The Concept of Extinction

The term extinction is mainly used to denote the complete termination of species, primarily the living ones, but the non-living ones are sometimes included. It means that the species ceases to exist and becomes history, which can only be referred to. In behavioral psychology, however, the word is applied to explain induced behavioral changes that happen to increase or decrease depending on the environment and, of course, over a certain period. This paper explains extinction in behavioral psychology, instances where reinforcement happens, providing real-life examples.

Extinction in behavioral psychology means that a person’s conditioned behavior fades with time, and it eventually stops because the conditioned stimulus is presented with unconditioned stimuli, and therefore, the conditioned response stops representing classical theory (McPherson, 2019). In operant extinction of human psychology, extinction is attained when a condition is not supported due to a discriminative stimulus such as an error. In such a case, extinction implies a voluntary conditioned response’s fading and ultimate stop (Bouton, Maren, & McNally, 2021). Extinction does not mean permanent behavior on a person. Still, a break of several days can lead to recovery for such a case as in classical extinction. In the case of the operant theory, the reinforcement schedules determine extinction resistance, such as if reinforcement is done after a certain determined period (Bouton, Trask, & Carranza-Jasso, 2016). The more resistant behavior is, the more it becomes far from becoming extinct.

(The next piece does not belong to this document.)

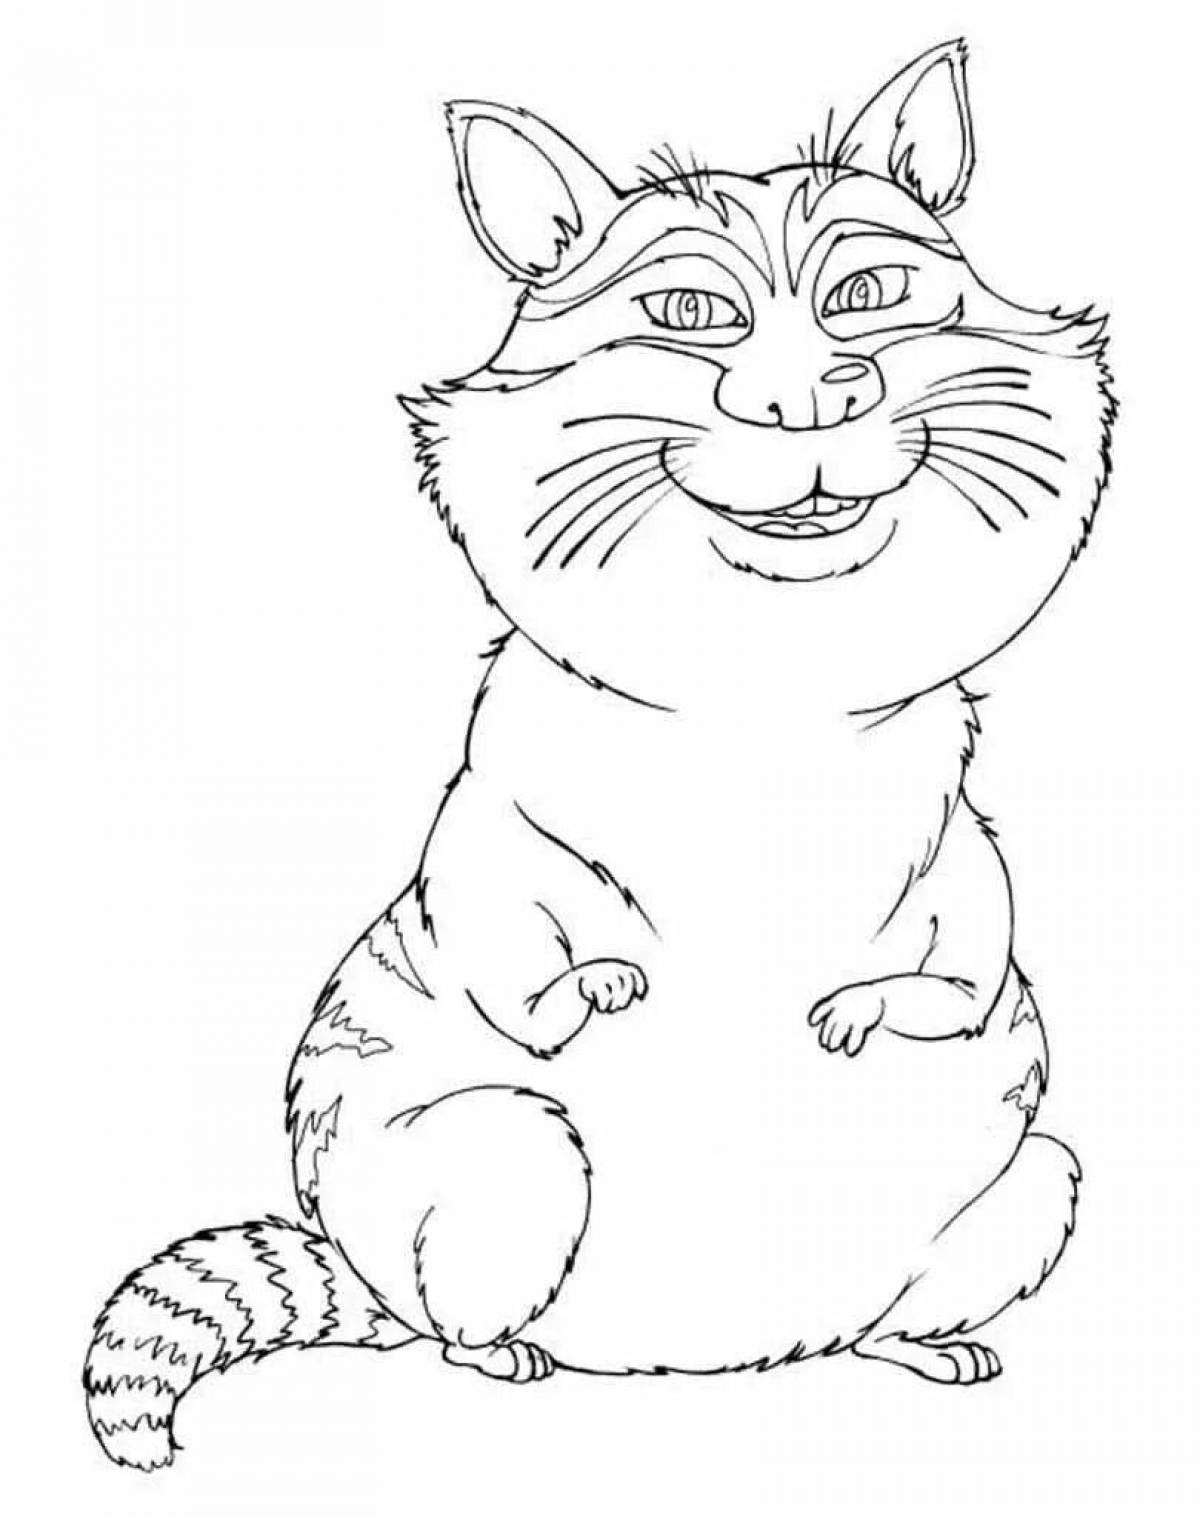 Coloring page sweet fat cat
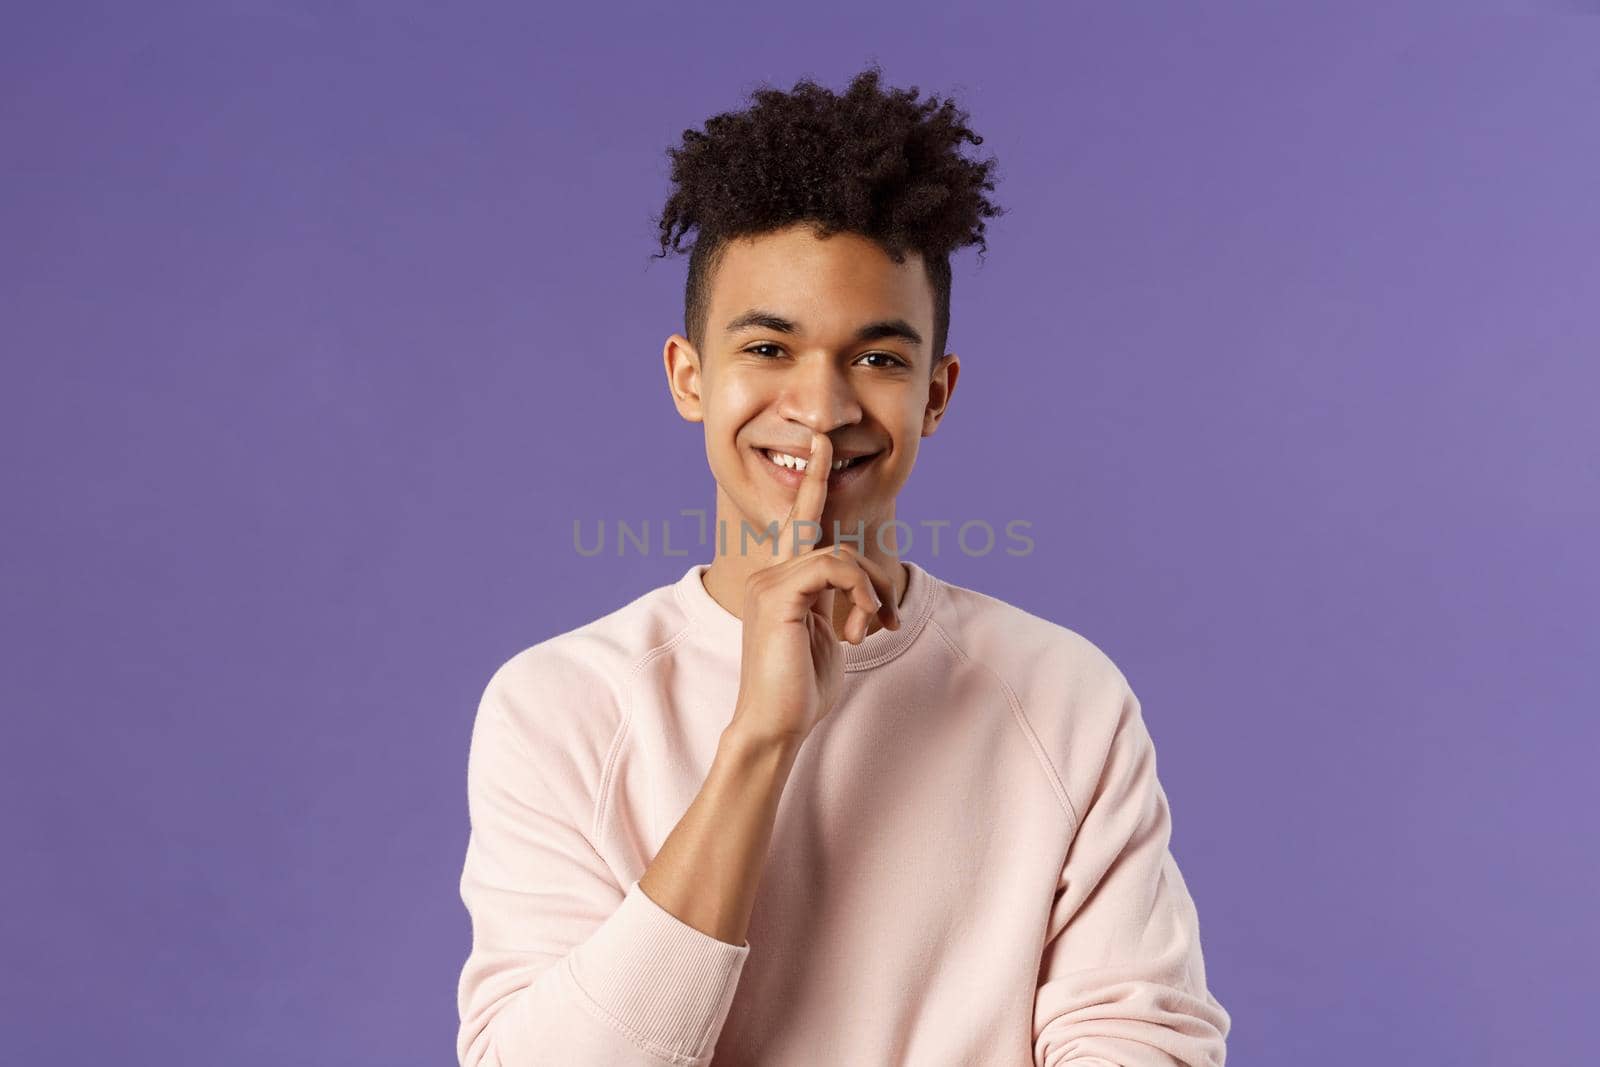 Close-up portrait of attractive smiling young man hiding secret, asking keep silent or quiet to do surprise, show shush gesture, place index finger to mouth, standing purple background.

Despite psychology being able to affect behavior, other factors such as the time duration of the conditioned response, formation of habits, and the strength of the response behavior affect extinction (Craig & Shahan, 2016). The extinction process is a long journey. It takes time and is not often clean-cut or straightforward, often characterized by other factors such as extinction burse and other factors that delay extinction. An extinction burst is defined as a temporary rise in the duration, magnitude, and frequency of conditioned behaviors during the process of extinction. The extinction behavior reoccurs more during the process, trying to reawaken the unconditioned stimulus (Katz & Lattal, 2021). For instance, a parent may adopt a differential reinforcement or differential attention, decrease attention for bad behavior and increase attention for good ones to extinct the child’s bad behaviors. The child may cause more trouble in a bid to regain the parent’s attention (Nist & Shahan, 2021). In such a case, an extinction happens, which delays the extinction process.

Several examples denote the psychological behavior of extinction, such as when a parent gives surprise inspection to duties assigned to kids and puts on a specific jacket while doing so. On wearing that attire, kids are mostly liked to be beaten up even when they think they are doing their best. The coat, therefore, becomes the conditions stimuli that insert fear, and they can even run away. Still, when the parent comes several times with the jacked and does not beat them up, the fear disappears, and they behave calm, representing classical extinction (Morris, 2018). Another example is when a student acts funny and weird in class to get the teacher’s attention. Still, it is tied to operant extinction when the teacher ignores the student and finally stops the behavior (Bouton, Trask, & Carranza-Jasso, 2016). The behavior is slowly diminished due to inattention by the recipient.

Overall, extinction in behavioral psychology causes the fading of particular human behaviors, eventually stopping them. As discussed in this paper, several of our everyday reactions and responses denote classic extinction examples in behavioral psychology.

References

Bouton, M. E., Maren, S., & McNally, G. P. (2021). Behavioral and neurobiological mechanisms of Pavlovian and instrumental extinction learning. Physiological reviews.

Bouton, M. E., Trask, S., & Carranza-Jasso, R. (2016). Learning to inhibit the response during instrumental (operant) extinction. Journal of Experimental Psychology: Animal Learning and Cognition42(3), 246.

Craig, A. R., & Shahan, T. A. (2016). Experience with dynamic reinforcement rates decreases resistance to extinction. Journal of the Experimental Analysis of Behavior105(2), 291-306.

Katz, B. R., & Lattal, K. A. (2021). What is an extinction burst?: A case study in the analysis of transitional behavior. Journal of the Experimental Analysis of Behavior115(1), 129-140.

McPherson, G. R. (2019, May). Becoming hope-free: Parallels between the death of individuals and extinction of homo sapiens. In Clinical Psychology Forum (Vol. 317, p. 7).

Morriss, J., Chapman, C., Tomlinson, S., & Van Reekum, C. M. (2018). Escape the bear and fall to the lion: The impact of avoidance availability on threat acquisition and extinction. Biological Psychology, 138, 73-80.

Nist, A. N., & Shahan, T. A. (2021). The Extinction Burst: Impact of reinforcement time and level of analysis on measured prevalence. Journal of the experimental analysis of behavior116(2), 131-148.